KUALA LUMPUR, Aug 4 ― The only way to stop the continuing decline of the ringgit is to temper the political uncertainty that arose from the 1Malaysia Development Berhad (1MDB) controversy and the recent Cabinet reshuffling, economist Prof Emeritus Zakariah Abdul Rashid said today.
Zakariah, the Malaysian Institute of Economic Research (MIER) executive director, said the country is facing the “disease” of low public confidence in its economic health.
“We got the symptom, we got the disease, but there is no economic solution to cure the disease.
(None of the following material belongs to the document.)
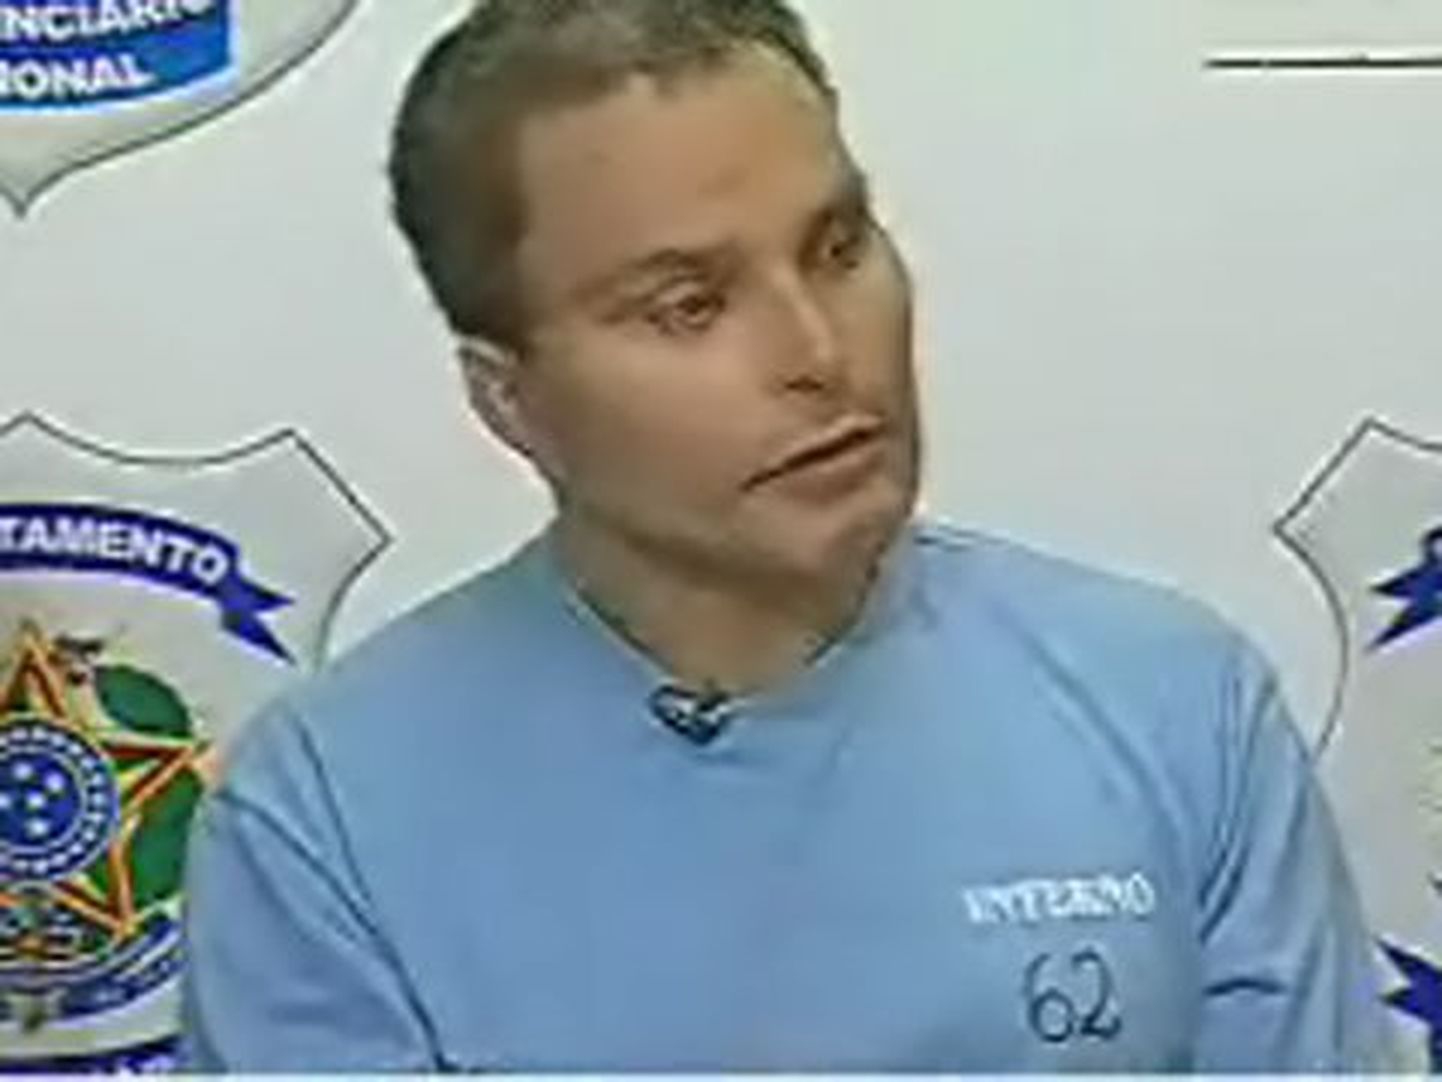 Juan Carlos Ramirez Abadia

Up to our political leaders to ponder and give a solution to this.
“If they are willing to do it, all of us will be very happy to see the economy will be back to the right track,” he said when answering questions during the MIER's 30th National Economic Briefing here.
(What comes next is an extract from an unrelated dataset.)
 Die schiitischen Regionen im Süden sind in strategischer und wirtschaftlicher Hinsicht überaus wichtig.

Speaking to reporters later, Zakariah said the current complicated political environment has imposed pressure on public confidence towards the economy.
“It started from the public's lack of confidence on how we handle 1MDB, now it has shifted to the deputy prime minister and several Cabinet ministers that had their service terminated,” he explained, referring to the controversy over state-owned firm 1Malaysia Development Berhad.
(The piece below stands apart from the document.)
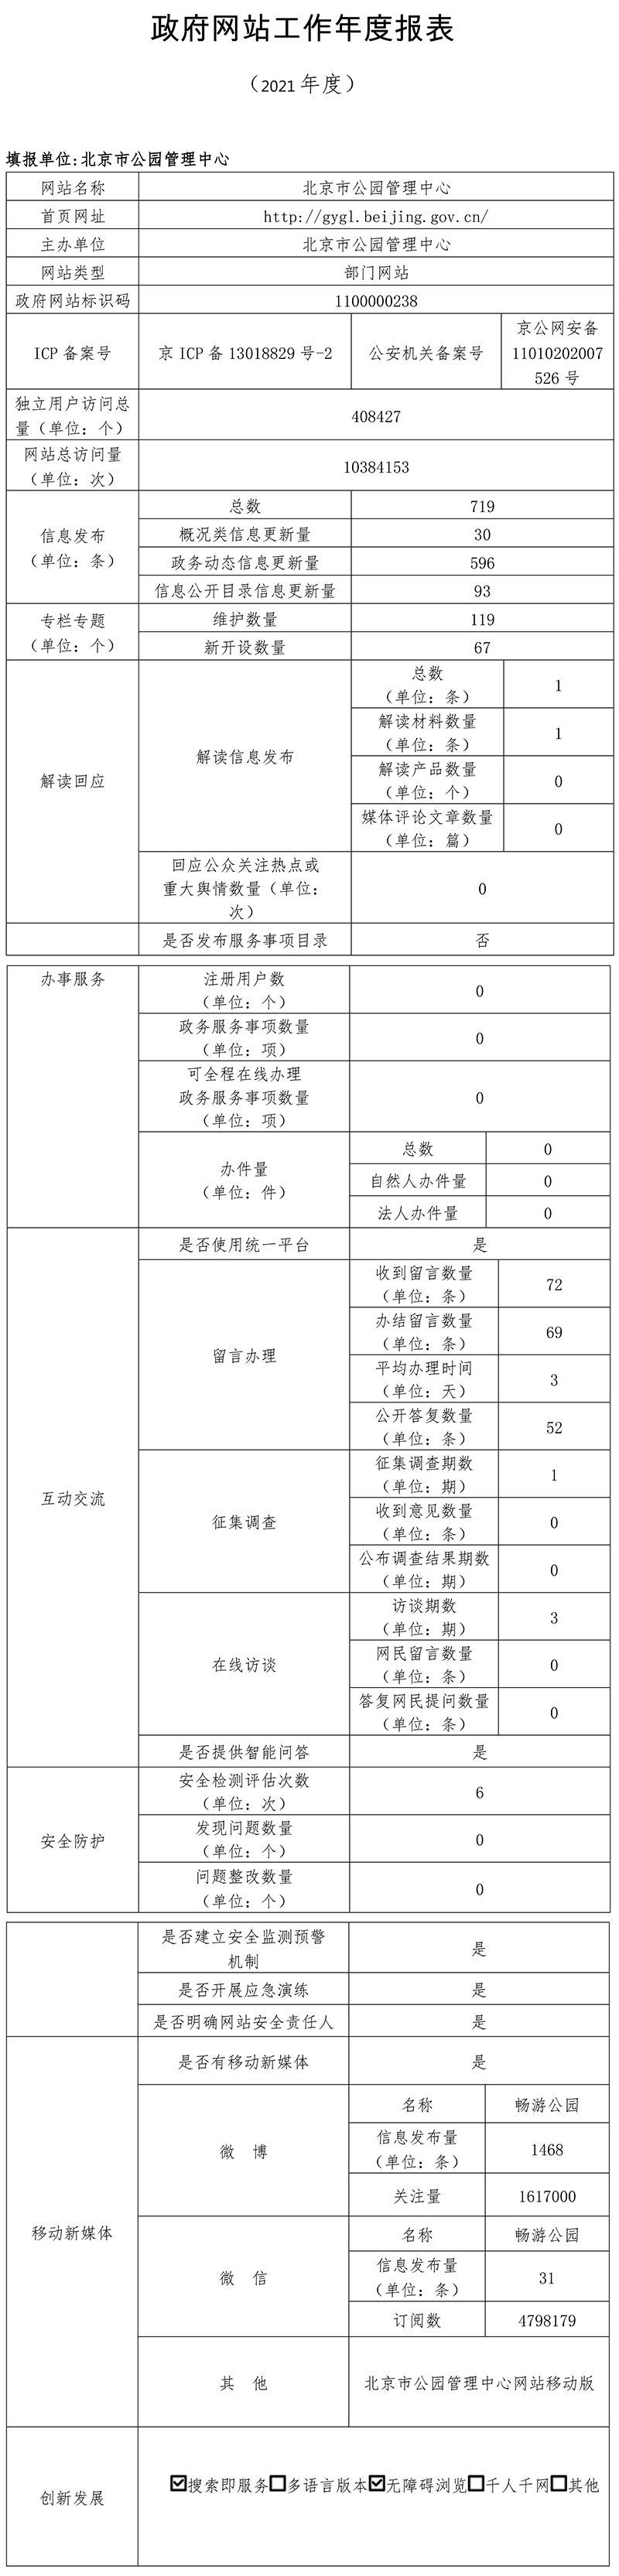 北京市公園管理中心2021年政府網站年度工作報表

Earlier during the question and answer session following Zakariah's briefing, economist Prof Emeritus Datuk Mohamed Ariff Abdul Kareem noted that Bank Negara Malaysia had spent US$5 billion (RM19.26 billion) last month to prop up the ringgit, but said the local currency's value only strengthened by a few cents before dipping again.
Speaking up as one of those briefed, he commented: “The intervention here is to merely treat the symptom, not to fix the disease.”
He said the falling ringgit value was merely a symptom of the country's actual problem of a lack of confidence in the economy and a credibility crisis.
“We have to speak the truth, we have to come clean, that I think is what is lacking, that has to be fixed.
“If that is not fixed, no amount of intervention by the central bank will have any lasting impact, we will simply be losing the reserves we have,” the academic attached to the International Centre for Education in Islamic Finance (Inceif) said in his comment after Zakariah's briefing.
Universiti Pertahanan Nasional Malaysia's Prof Rugayah Mohamed, who was also present at the briefing by Zakariah, disagreed however that there was no economic solution available.
“You can always come up with economic solutions so long as the political problems do not overwhelm...There can be if the political masters listen to us and maybe if civil society can start talking and raising questions about the real economic situation.
“So don't get sidetracked by political innuendos but stay focused and ask about the economic situation,” the MIER associate research fellow said.
Just days after his deputy Tan Sri Muhyiddin Yassin pressed for more answers on 1MDB, Najib announced a Cabinet reshuffle that saw the former losing his post and those seen as loyal to the prime minister gaining ministerial posts.
The ringgit, which this year hit a 16-year low, has been falling since the Cabinet reshuffle last Tuesday and went down to 3.86 to the dollar today.
Aided by Bank Negara Malaysia's intervention, the ringgit has been hovering around the 3.8 peg to a US dollar ― a measure introduced during the 1998 Asian financial crisis and which was removed in 2005.
The US-based Wall Street Journal had in a July 2 report said Malaysian investigators' findings that a US$700 million money trail had passed through several entities including a former 1MDB subsidiary before being channelled to accounts believed to belong to Prime Minister Datuk Seri Najib Razak.
Yesterday, the Malaysian Anti-Corruption Commission said it had found that RM2.6 billion of funds had entered Najib's accounts, but said these funds were from donations and not 1MDB.